Red Light Therapy for Hair Restoration

 

According to the American Hair Loss Association, approximately 65% of men will experience some degree of hair loss, or alopecia, by age 35. That number rises to 85% by age 50. Hair loss in women, while receiving much less attention, is surprisingly prevalent, with women making up 40% of all hair loss sufferers.

 Hair loss is often dismissed, both by society in general and by the medical community in particular, as a simple fact of life and inevitable byproduct of aging. While this is true to an extent, this pervasive sentiment ignores the fact that the psychological repercussions of hair loss can be devastating. To illustrate the profound effect hair loss can have on a person’s body image and self-confidence, it is estimated that up to 8% of cancer patients refuse chemotherapy if there is a risk of hair loss.

While hair loss is one of the most common reasons for dermatological consultation, there are few options for treatment. And the treatments that do exist are often invasive, expensive, ineffective, or all of the above.

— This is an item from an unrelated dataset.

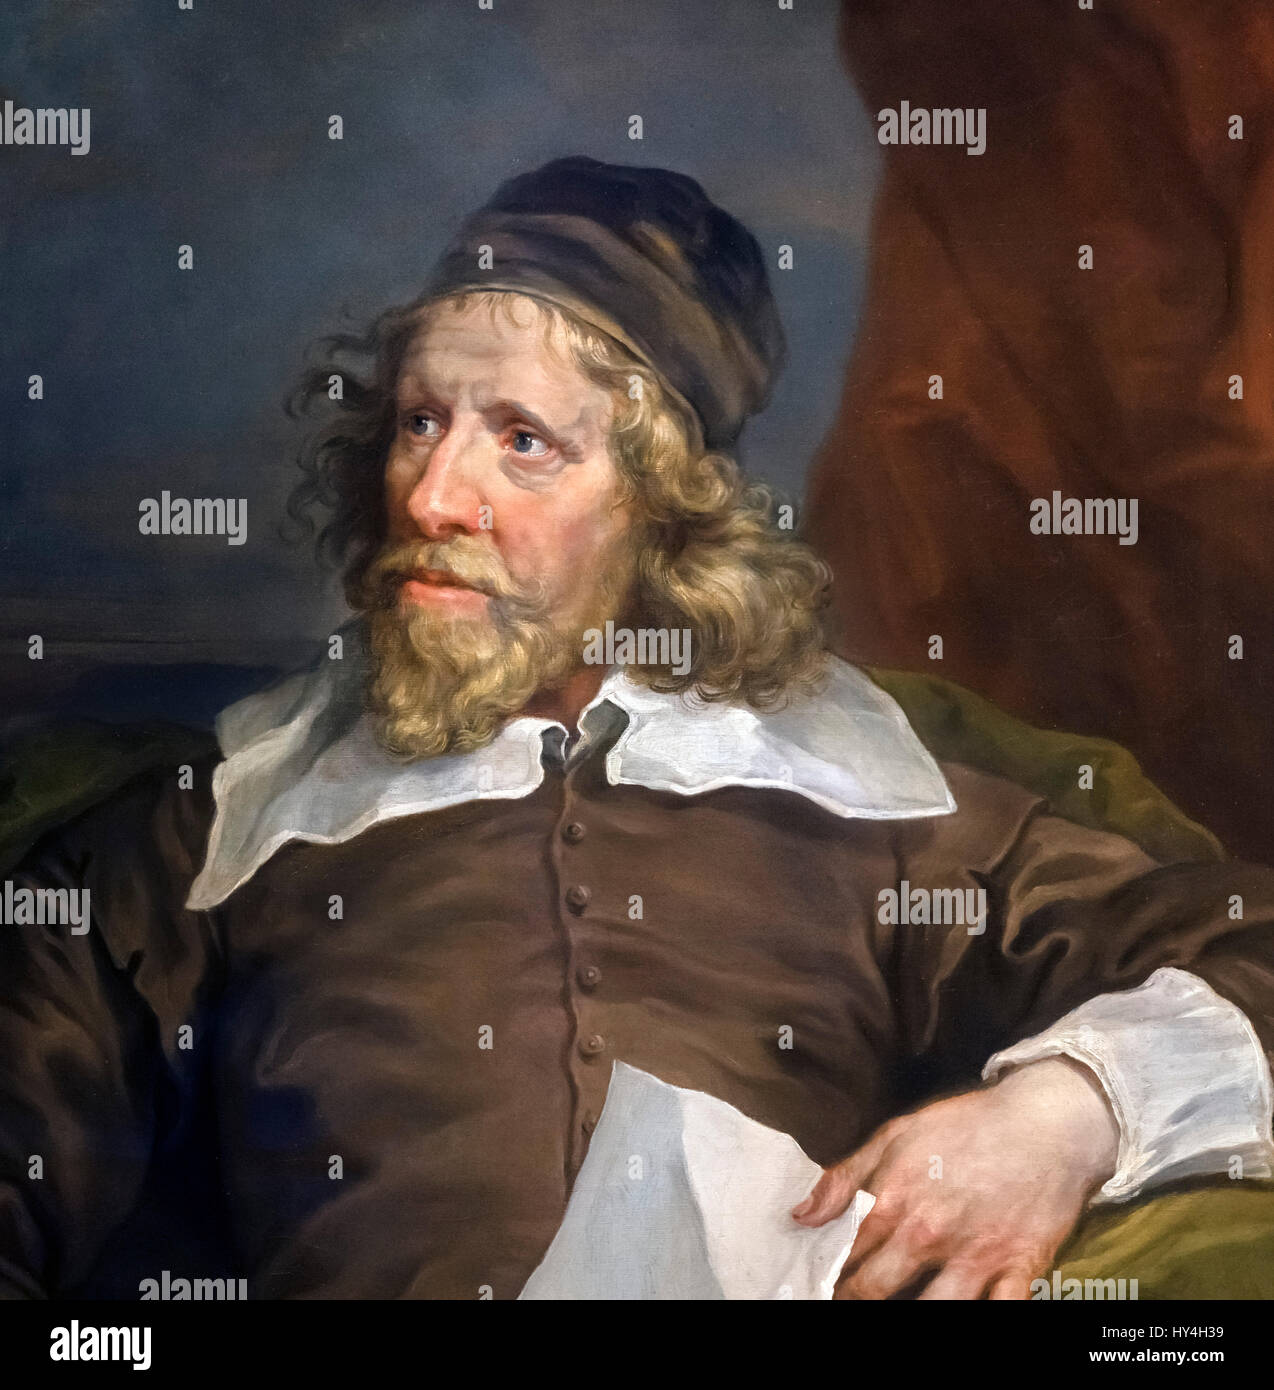 Inigo Jones. Ritratto del xvii secolo architetto inglese Inigo Jones (1573-1652) da William Hogarth, olio su tela, 1757-58. Dettaglio di un dipinto di grandi dimensioni, HY4H3C. Foto Stock

 There is some good news, however. Exciting new research is showing red light therapy to be a safe and effective treatment for hair loss. Before we get into the specifics of red light therapy and hair growth, let’s get a handle on how we grow hair - and how so many of us come to lose it.

 A Brief Overview of Hair

 You might already know that hair grows out of the hair follicle. The hair follicle is a tunnel-shaped mini-organ embedded in the epidermis and extending into the dermis of the skin. The following are the various parts of the hair follicle and associated structures, and their functions:

• Dermal papilla: specialized cells at the base of the hair follicle that play a central role in hair formation, growth, and cycling;
• Matrix: contains the proliferating cells that make up the hair and internal root sheath;
• Internal root sheath: layer of keratinized cells that protects the hair. It disintegrates where the sebaceous glands meet the hair shaft;
• External root sheath: a tubular extension of the epidermis that surrounds the entire hair follicle;
• Bulb: the base of the hair follicle;
• Bulge: a reservoir containing epithelial stem cells located partway up the shaft of the hair follicle;
• Arrector pili muscles: responsible for goose bumps, they allow the release of heat and sebum;
• Sebaceous glands: exocrine glands that secrete sebum, a fatty, waxy mixture that lubricates the hair and the skin.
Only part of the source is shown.